I am so sorry genetics left you with the short end of the stick!


get a life Eric, your comment is irrelevant here and only makes you look stupider than you already are. if you have nothing relevant or interesting to comment about then shut it!
Skeptic_Heretic
3.2 / 5 (5) Jul 19, 2010
Jigga, if you do not understand the dimishing return on IR retained by CO2 then you have not even begun to read about this topic. I am exactly correct in that regard. That is well known. It's even in the IPCC report. That should be your bible I think. You can't ignore your own scripture. Either the UN is correct or they are not. You can't pick and choose in regard to credibility. I say they are not credible. IF you say they are credible, then you need to be prepared to defend a reasonable portion of their claims. I caution you in this regard. They are extremely hard to defend.

Except you're going the wrong way with this.

An increase in CO2 will show diminishing returns only in what it completely absorbs and redirects back to the point of origin. That isn't what we're looking at.

The relevence is the delay in escape of IR, not the total capture or perpetual delay. Any increase in CO2 will increase this delay by a relative amount that follows a linear scale.
marjon
1 / 5 (6) Jul 19, 2010
The relevence is the delay in escape of IR, not the total capture or perpetual delay.
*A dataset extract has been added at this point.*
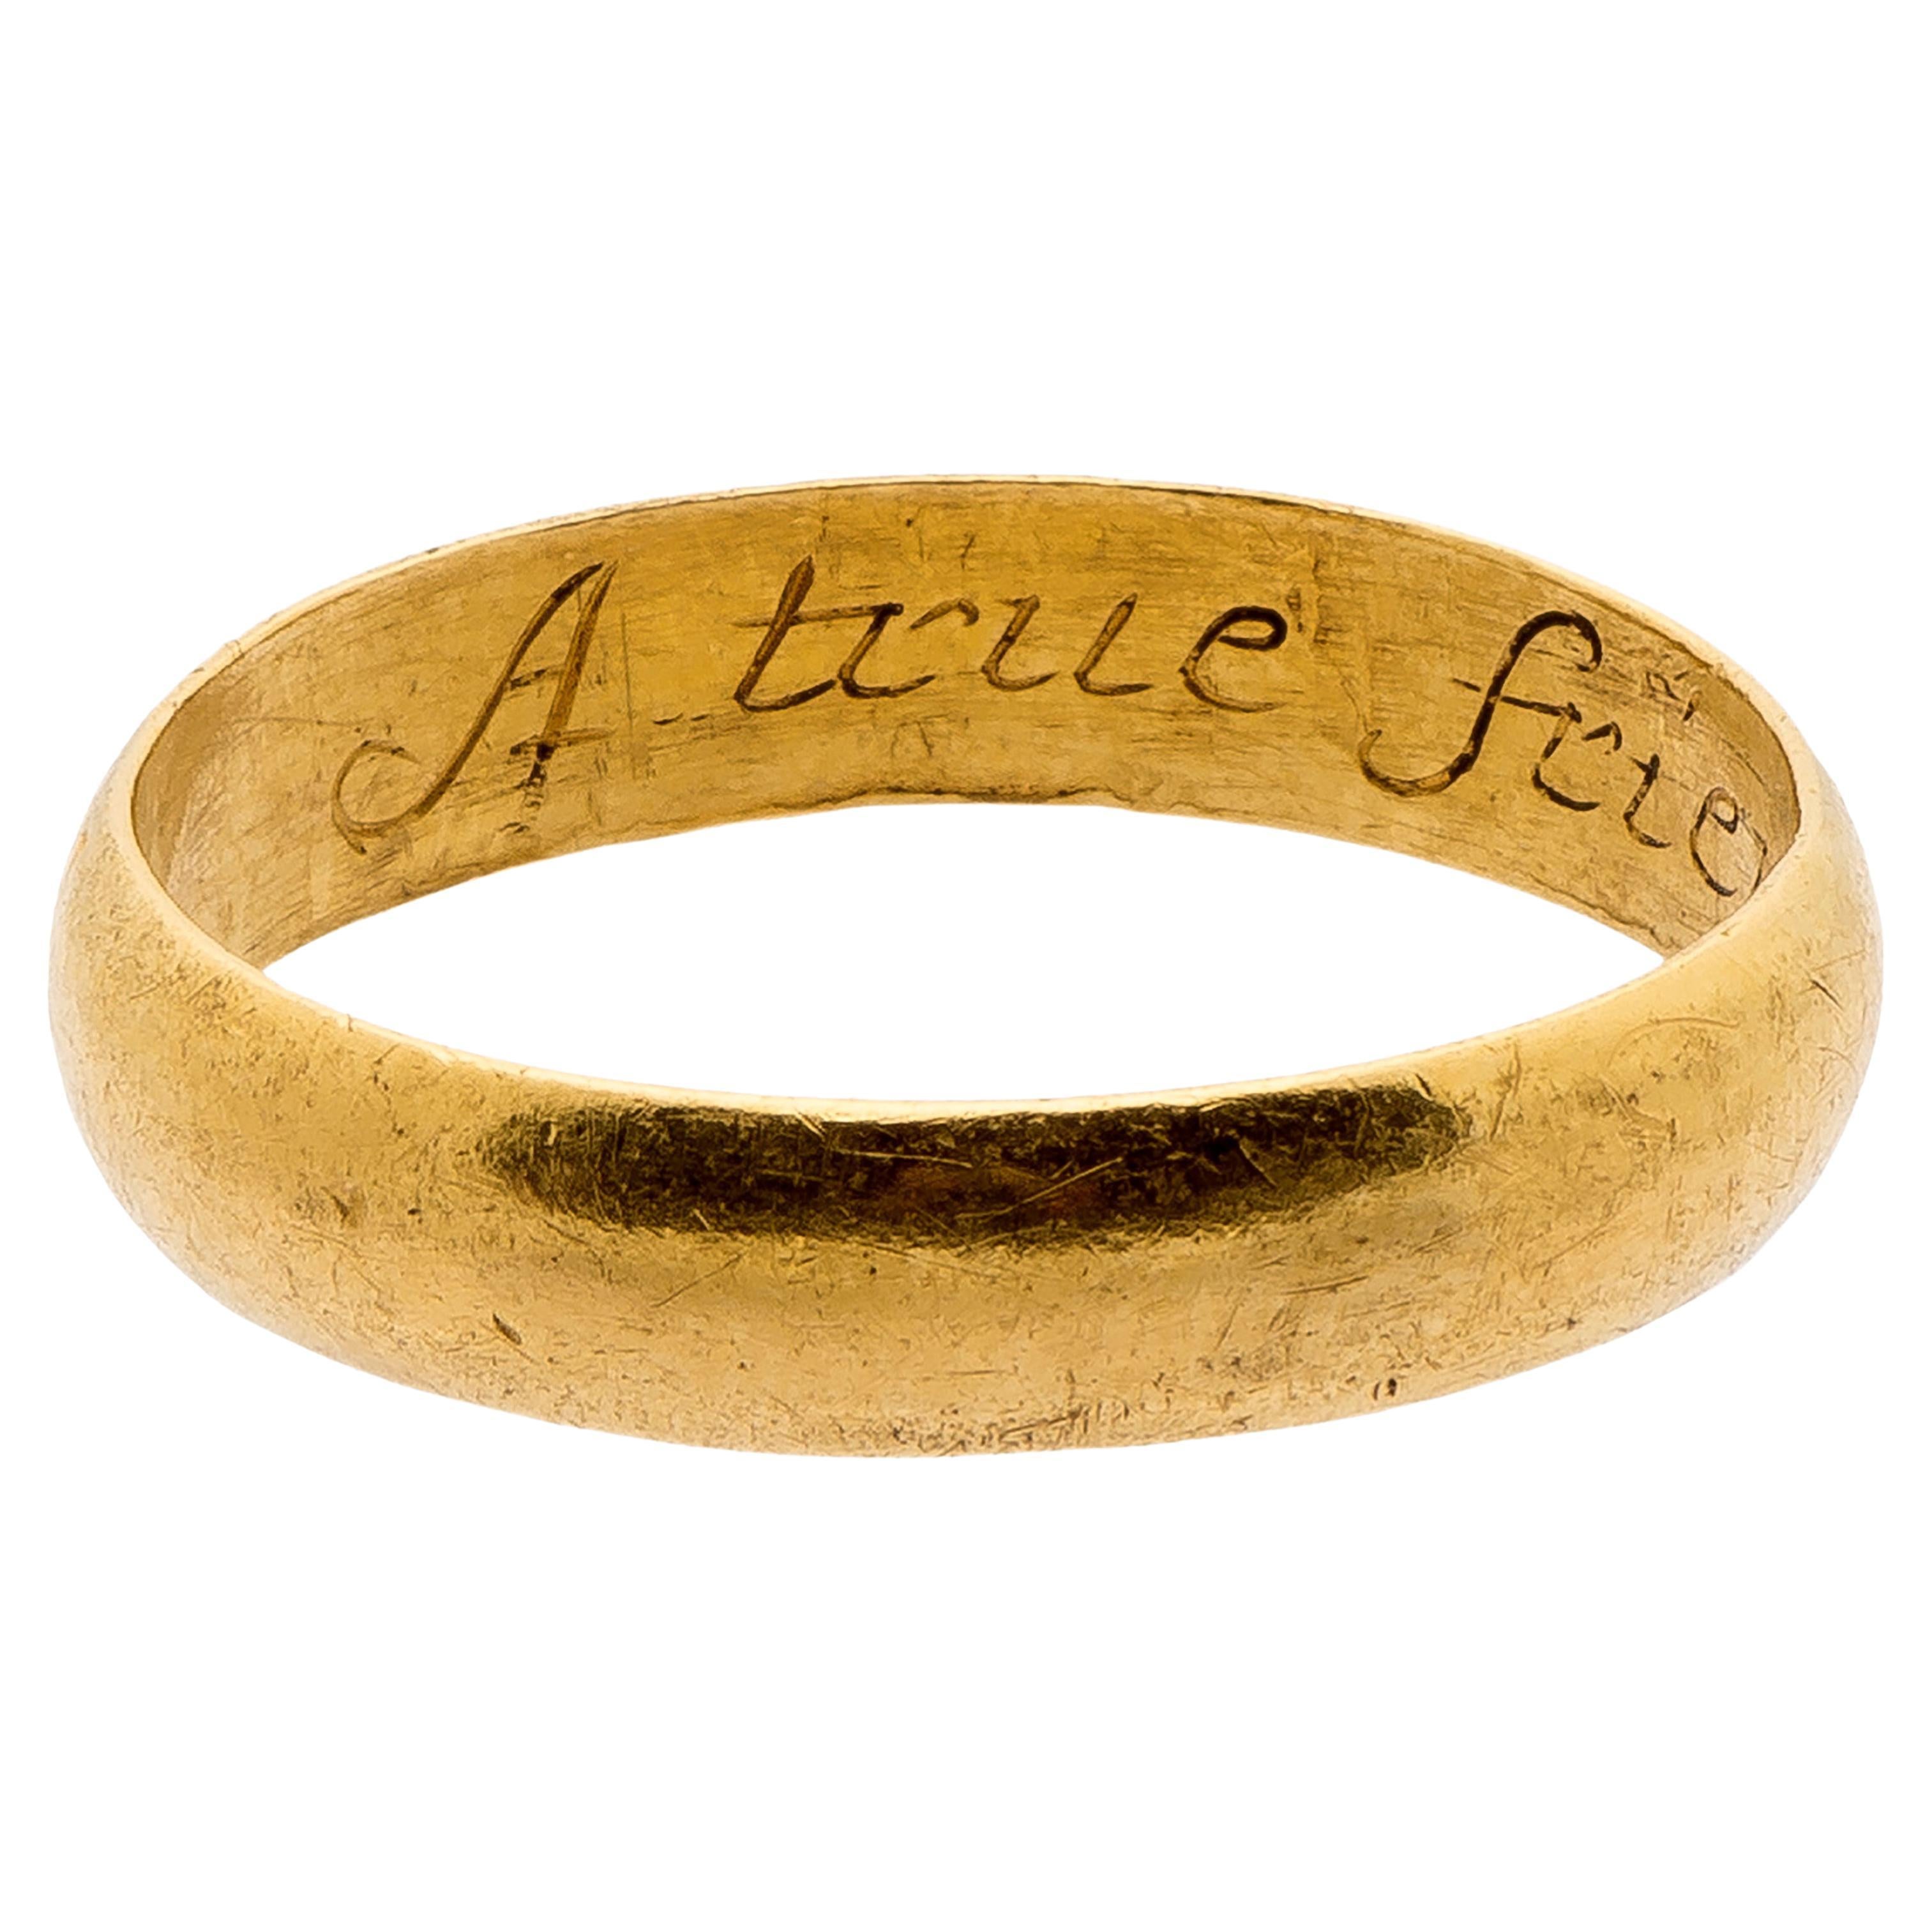 Antique Gold English Band 'Posey' Ring

Any increase in CO2 will increase this delay by a relative amount that follows a linear scale.

But the source, the sun, is essentially fixed on input.
If what you say is true, the dry deserts should be warming at night with increasing CO2.
Skeptic_Heretic
3.7 / 5 (3) Jul 19, 2010
But the source, the sun, is essentially fixed on input.
If what you say is true, the dry deserts should be warming at night with increasing CO2.

If you only count CO2, they are. Marjon, pour out a glass of water. Now pour out another glass, same volume, and put a lid, with a hole, on it. The input hasn't changed (the volume of water) but the time it takes for said amount of water to leave the glass increases. Now shrink the hole, but never remove it entirely, you'll find there's a relationship between the size of the hole and the amount of time it takes for the water molecules to exit the glass/lid arrangement. The source of the IR we're talking about is the Earth, not the Sun. Secondly, the sun is far from static.

This is analogus to the escape of IR from the earth through the atmosphere.
stanfrax
1 / 5 (4) Jul 20, 2010
this happends to fall in line with mayan and hopi calenders - which calls for the transition of every bidpeadle type of hairless primate on this planet
Skeptic_Heretic
4.3 / 5 (6) Jul 20, 2010
this happends to fall in line with mayan and hopi calenders - which calls for the transition of every bidpeadle type of hairless primate on this planet
No, and no.

When your calendar runs out do you assume the world is going to end or do you get a new calendar?
SteveL
2.3 / 5 (3) Jul 20, 2010
In atmospherical terms: "the biggest change in 43 years" for anything - isn't really something to get excited about. 43 years worth of records out of the billions of years such a system has been in place tells me that we are basically ignorant about the whole process and don't have nearly enough data to make any valid assumptions. Our atmosphere is incredibly dynamic and there are variables that the experts still argue about today. Presuming to make any conclusions with so little information is a bit of a stretch. Like the man said: "Something is going on that we do not understand," says Emmert."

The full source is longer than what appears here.